→ PROBLEM DETAILS
Leave out the images; return the rest of the data exactly.

→ COLLECTED DATA
··········

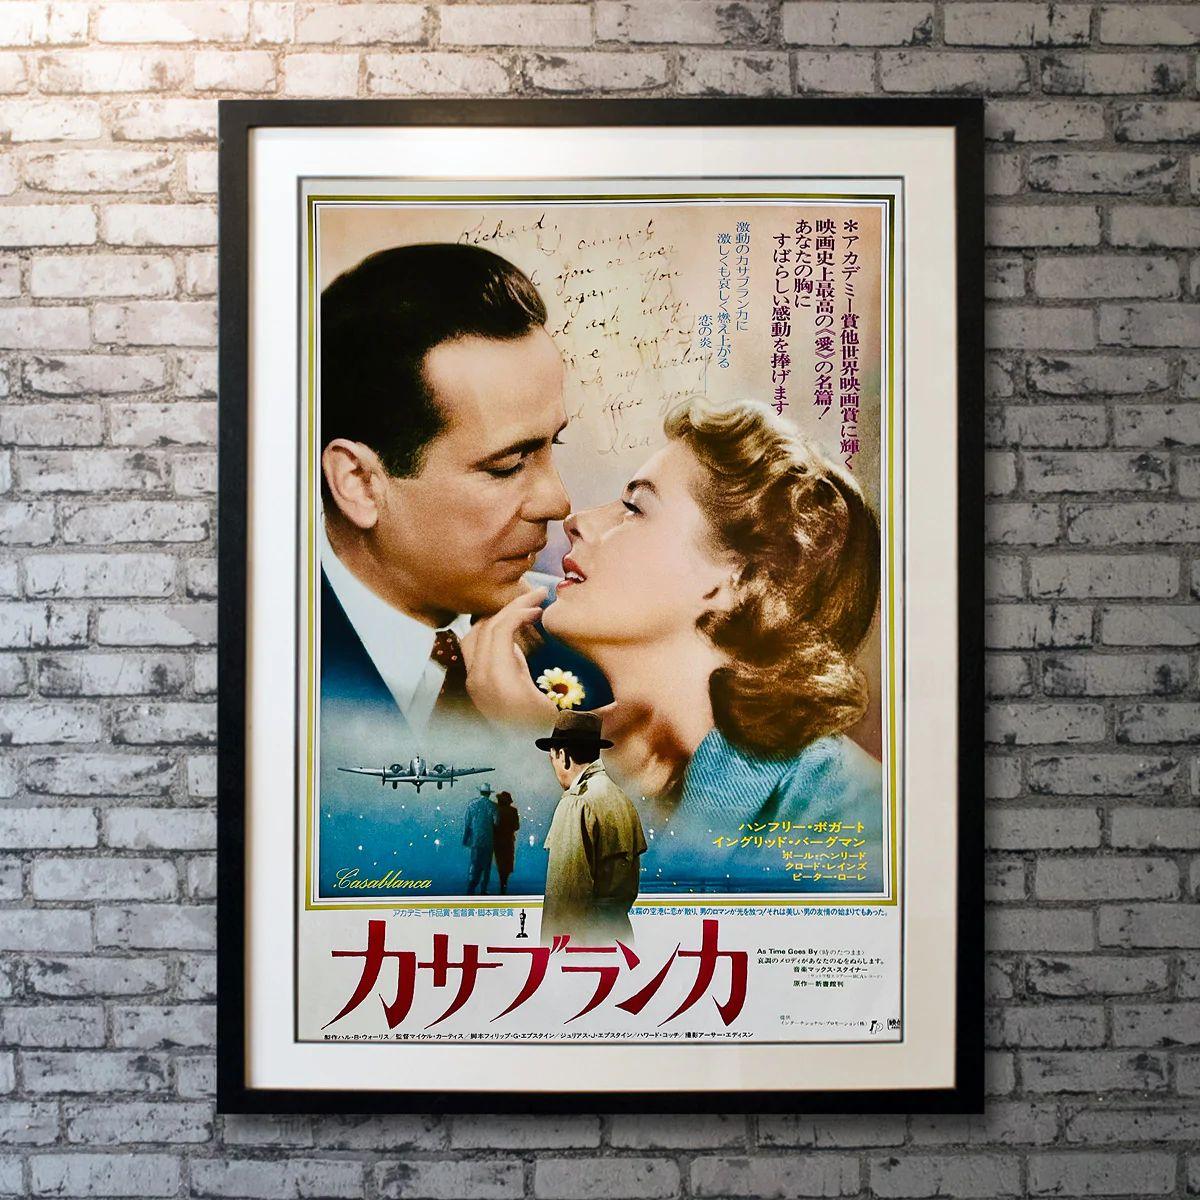 Casablanca, Unframed Poster with Linen Backing, 1974

Japanese B2 (20 x 29). This 1974 re-release Japanese poster features artwork not found on any other poster for this classic picture. Humphrey Bogart and Ingrid Bergman are shown against the
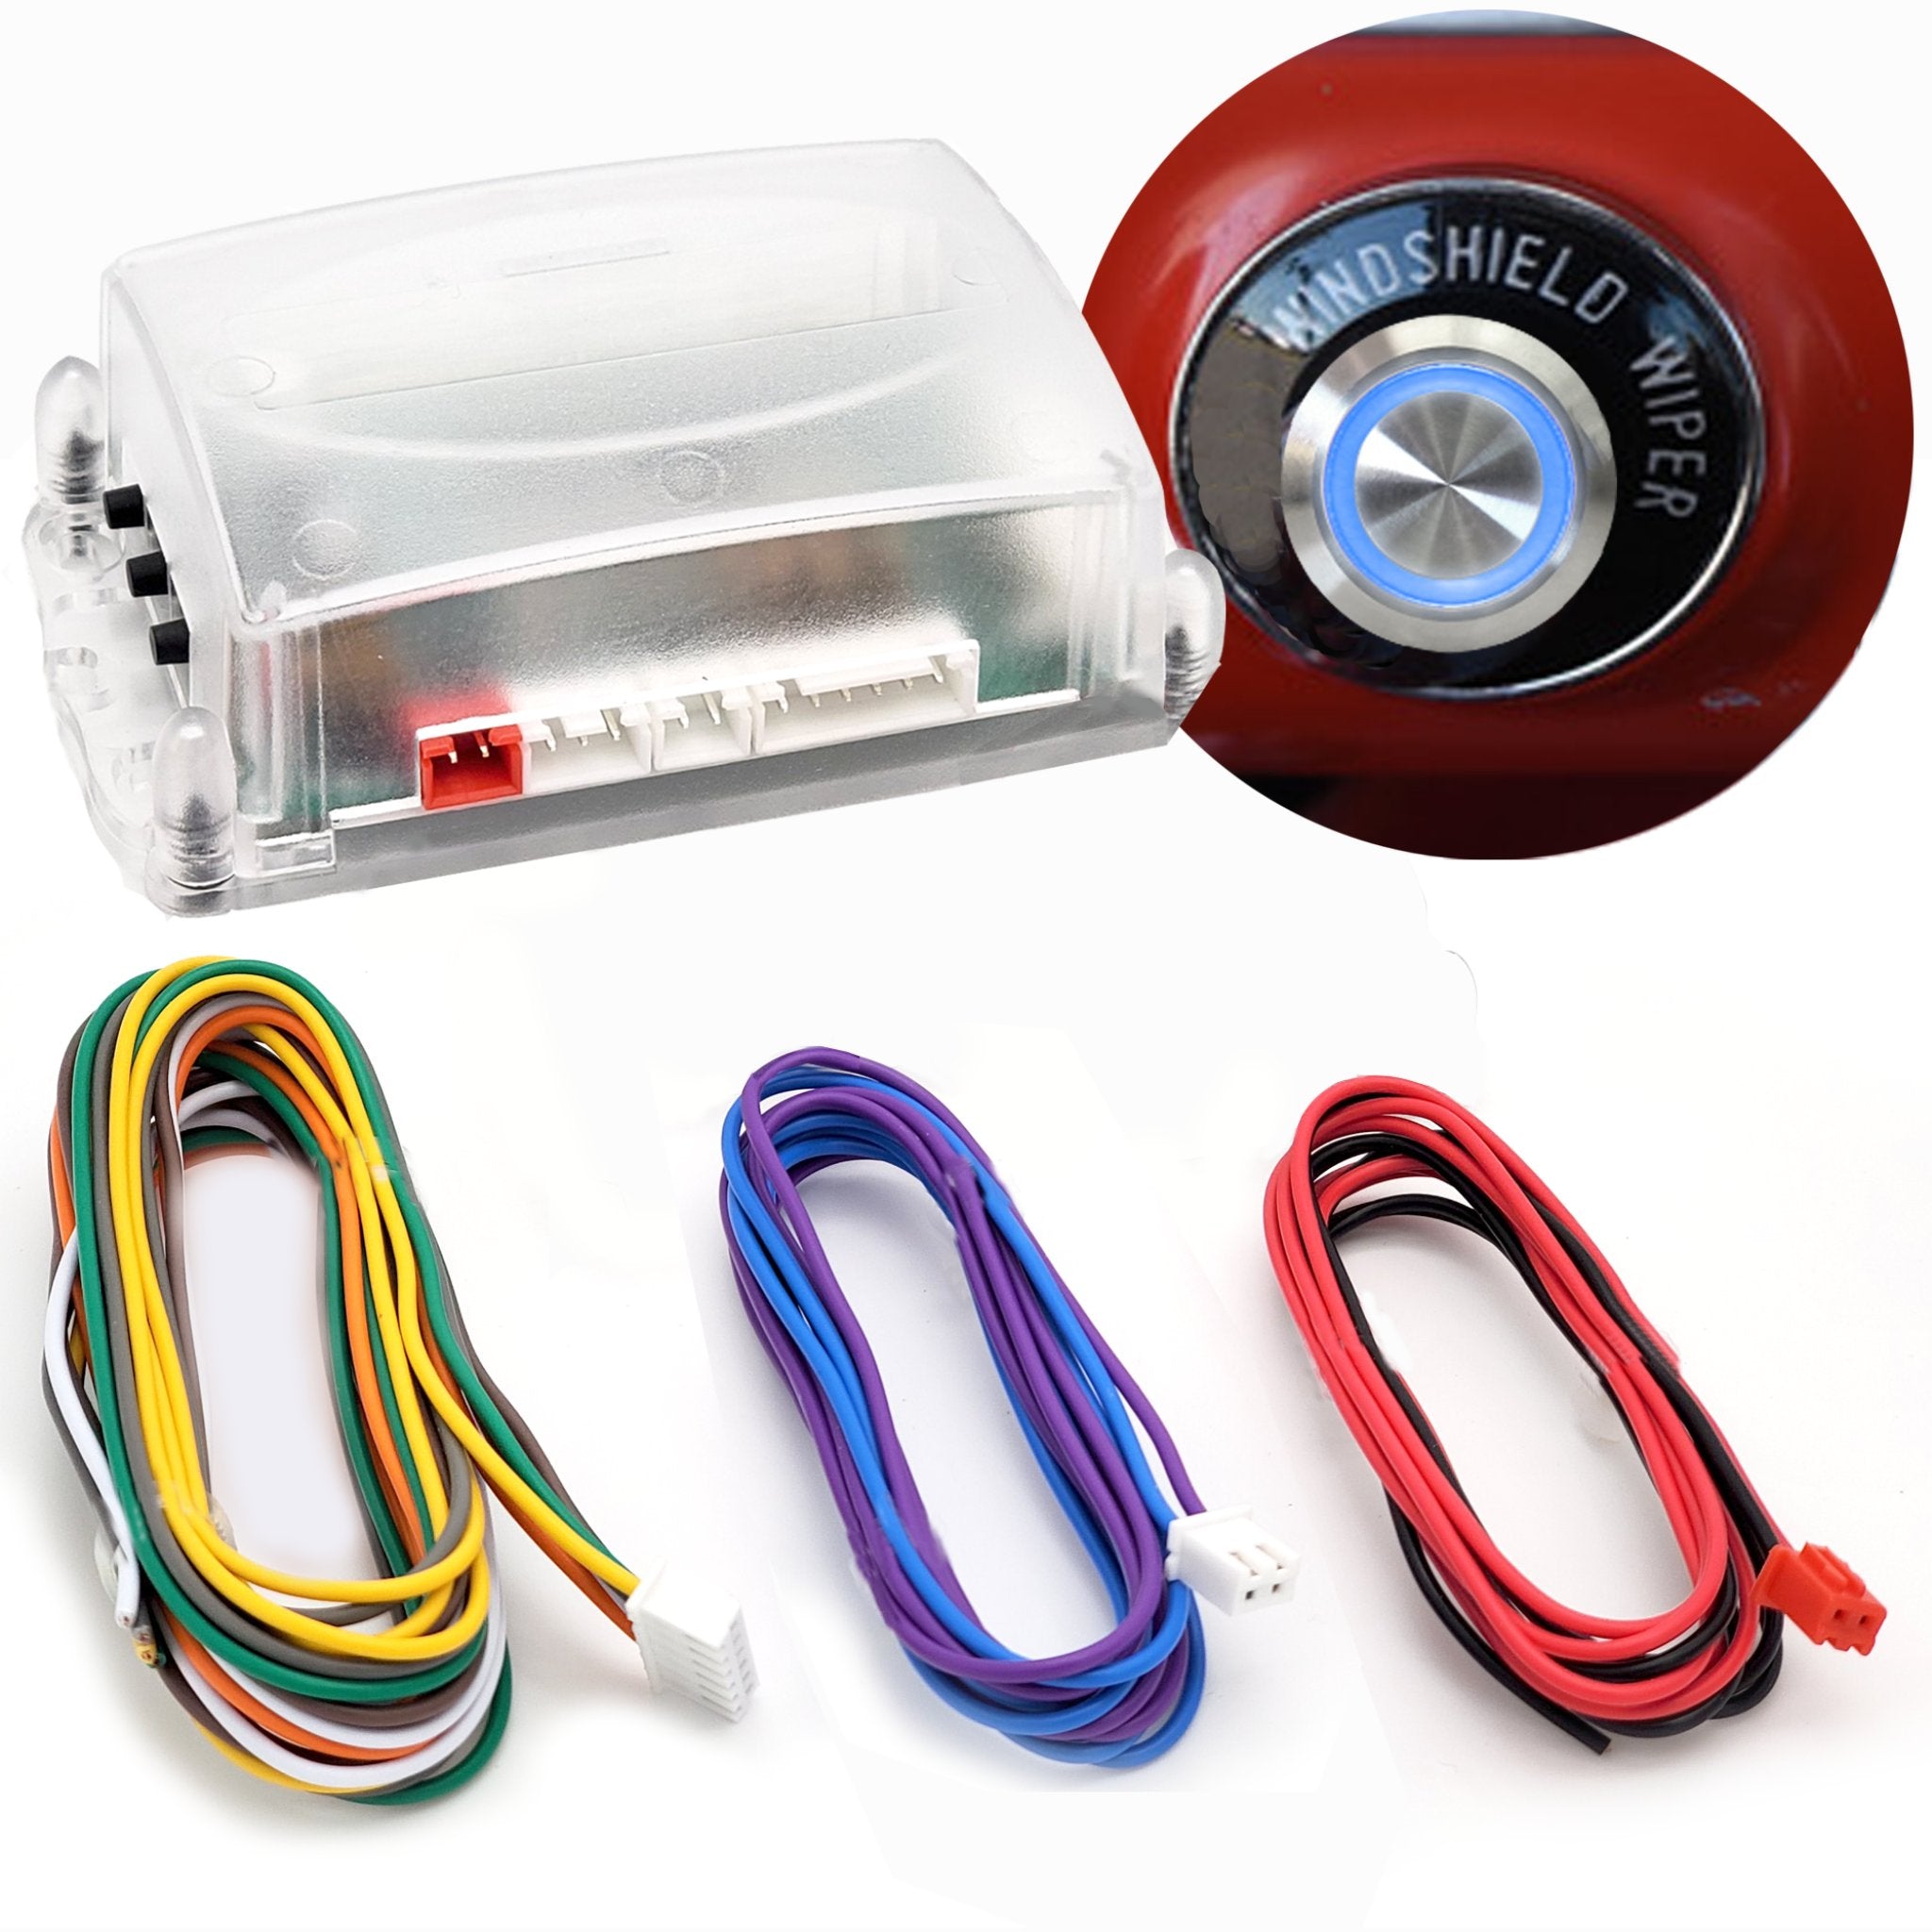 Power Windshield Wiper On/Off Low/High Control Module Push Button Kit 3 Position

··········

→ WRITTEN ANSWER
 Casablanca, Unframed Poster with Linen Backing, 1974

Japanese B2 (20 x 29). This 1974 re-release Japanese poster features artwork not found on any other poster for this classic picture. Humphrey Bogart and Ingrid Bergman are shown against the
 Power Windshield Wiper On/Off Low/High Control Module Push Button Kit 3 Position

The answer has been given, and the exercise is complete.